The SDLP would call on all parties to return to the mode of the Forum for Peace and Reconciliation or a smaller strategic commission to build a consensus and develop understanding that were previously frustrated.

So called republican dissidents seek to recruit a new generation with the lie that only they and their continuing physical force are seeking a united Ireland. The rest of us have a right and a duty to show that we are committed to a convincing pursuit of unity by democratic means. We should combine to disarm these dissident groups of their subversive premises and sinister logic.

We also need to set out a 21st Century vision for unity. One that is conveyed in language of this century – rather than one carrying the baggage of the last century

An argument for unity that is not just about redressing grievance and righting a wrong. But an agenda for unity that is about achievement, potential and rights into the future.

A concept of unity that has learned from the construct of the Agreement and the context of the European Union.

A prospectus for unity which is written more for the positive expectations of your generation than from the negative experiences of previous generations.

We could agree a scenario for unity that can begin with retaining a regional Assembly in the North with whatever cross-community protections are still agreed to be needed. But one where we use the review process to adjust the scope of such devolution in the context of the strong Northern presence in the United Ireland parliament as compared with its small presence in the UK Parliament.

A model of a united Ireland that also retains and sustains the British-Irish frameworks contained in the Agreement. Just as North-South arrangements are especially valued by nationalists in the North but benefit all, so too for unionists with British-Irish structures in a United Ireland.

This would demonstrate to Unionism that the Agreement did not just challenge and change them but nationalism going forward too.

Remember, it will not only be some unionists in the north who will have to be persuaded to vote for unity. Recent events show that we cannot take people in the South for granted in a referendum. We cannot now rule out that some might fear unity as a departure from the status quo, diluting their electoral power, diverting money and allowing too much for other interests.

There could also be understandable fears, North and South, that canvassing the case for unity could detract from the Agreement or distract from its development.

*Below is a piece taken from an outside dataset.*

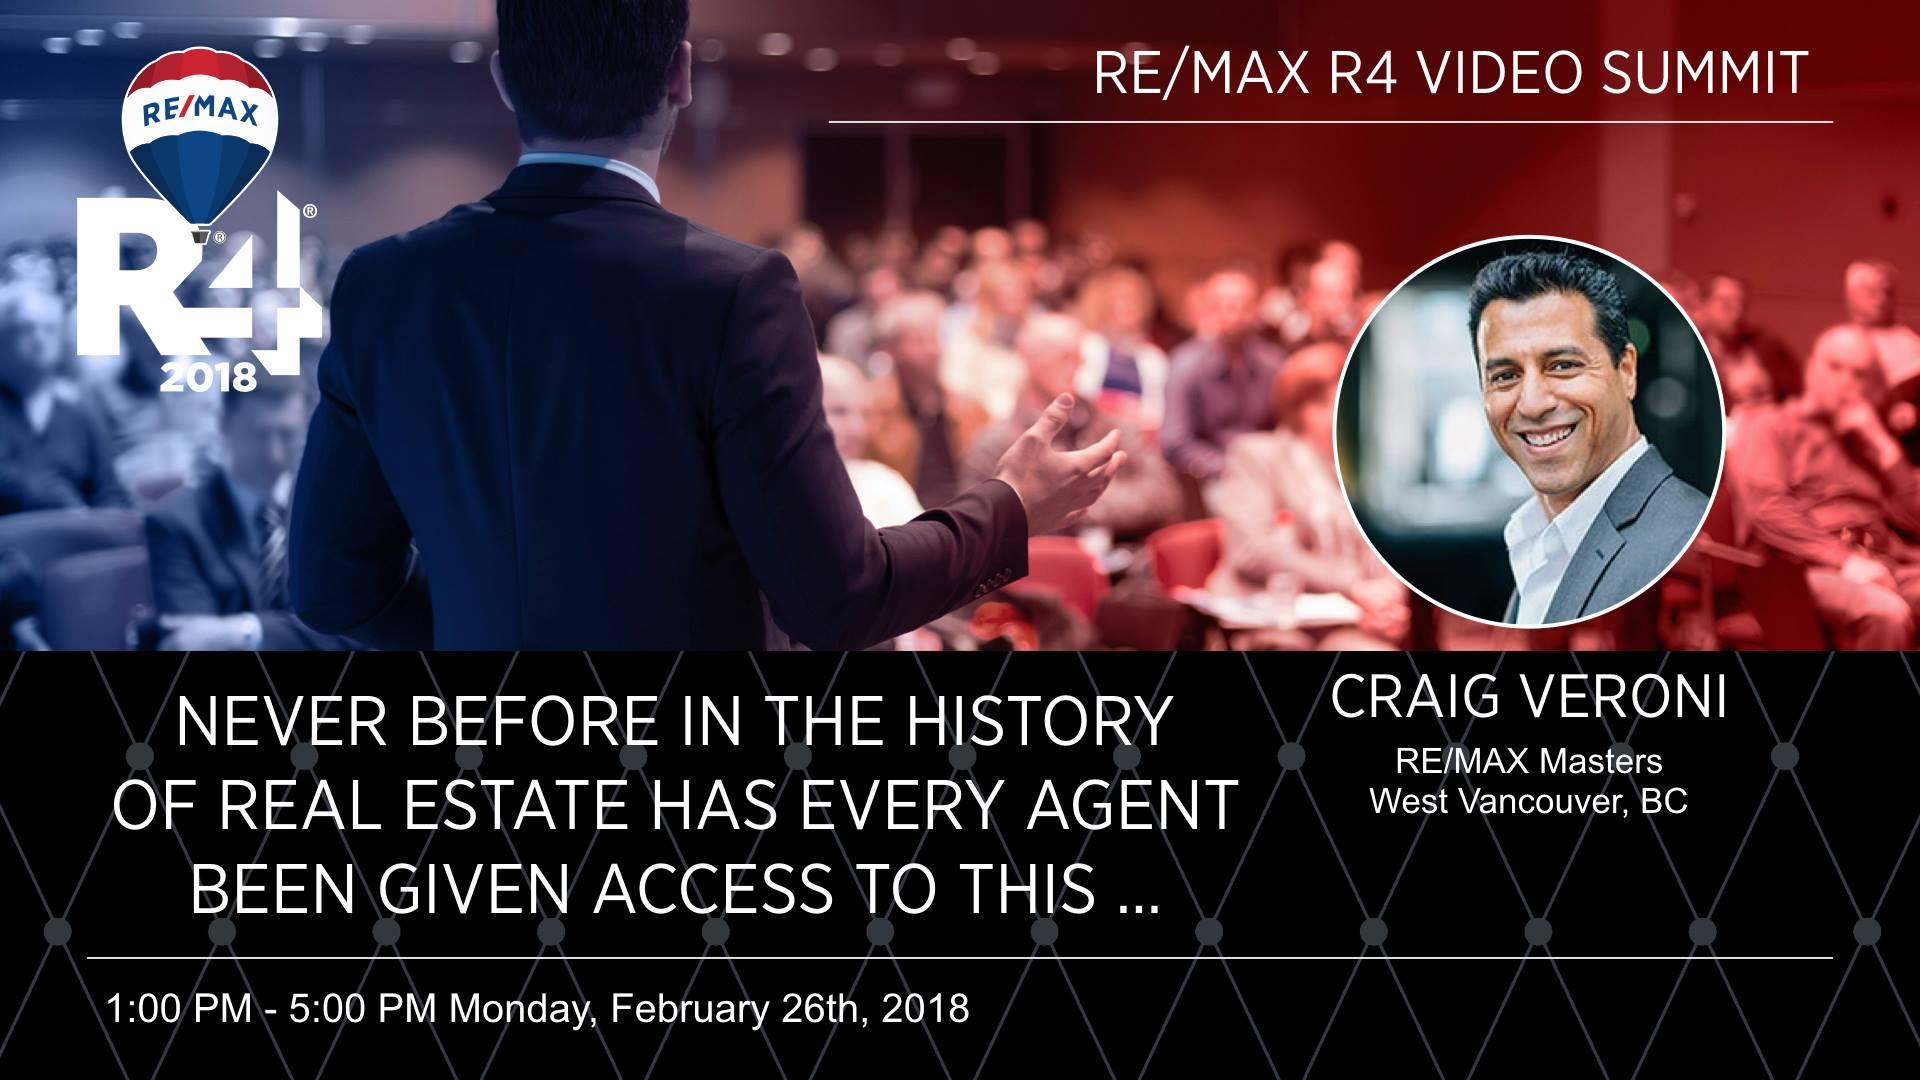 Craig Veroni RE/MAX R4 Summit - Vegas 2018

We need to assure all the people of Ireland that come a referendum they will not be voting to abandon the Agreement if they vote for a united Ireland. A vote for a united Ireland should be an affirmation of the Agreement, not an aberration of it.

In a referendum everyone will need to have confidence that the key principles and protections of the Agreement endure whether the outcome for the North is United Ireland or United Kingdom.

Those of us who advocate unity will need to anticipate and answer such concerns and more. We can use a reconvened Forum or a new commission to do so. We can ensure, well in advance of the centenaries in 2016 of the Easter Rising, the Somme and other battles that we minimise the contention or contrivance which they might bring.

Those parties who aspire to unity need to ensure that politicians’ talk about a united Ireland is not debased into partisan rhetoric for competitive tactical interests.

We will not promote real belief in the prospect of unity if nationally-minded parties simply fall to questioning each others’ credentials and commitment.

Democratic nationalists throughout the island have the right to have a visible consensus around a viable process for achieving a democratic united Ireland.

All democrats on the island, including unionists and others, will want to know that the coherent democratic pursuit of unity will in no way jeopardise the Agreement we already have, impede the development of its institutions or retard the important process of reconciliation.

That commitment can be provided on the part of nationalist Ireland through a new Forum or Commission. It could offer a warranty that the Agreement will remain - a dedication to maintaining the principles on which it was constructed. It would also represent the best guarantee for those of us who strive for unity to realise it - in partnership with those representing all traditions in our country.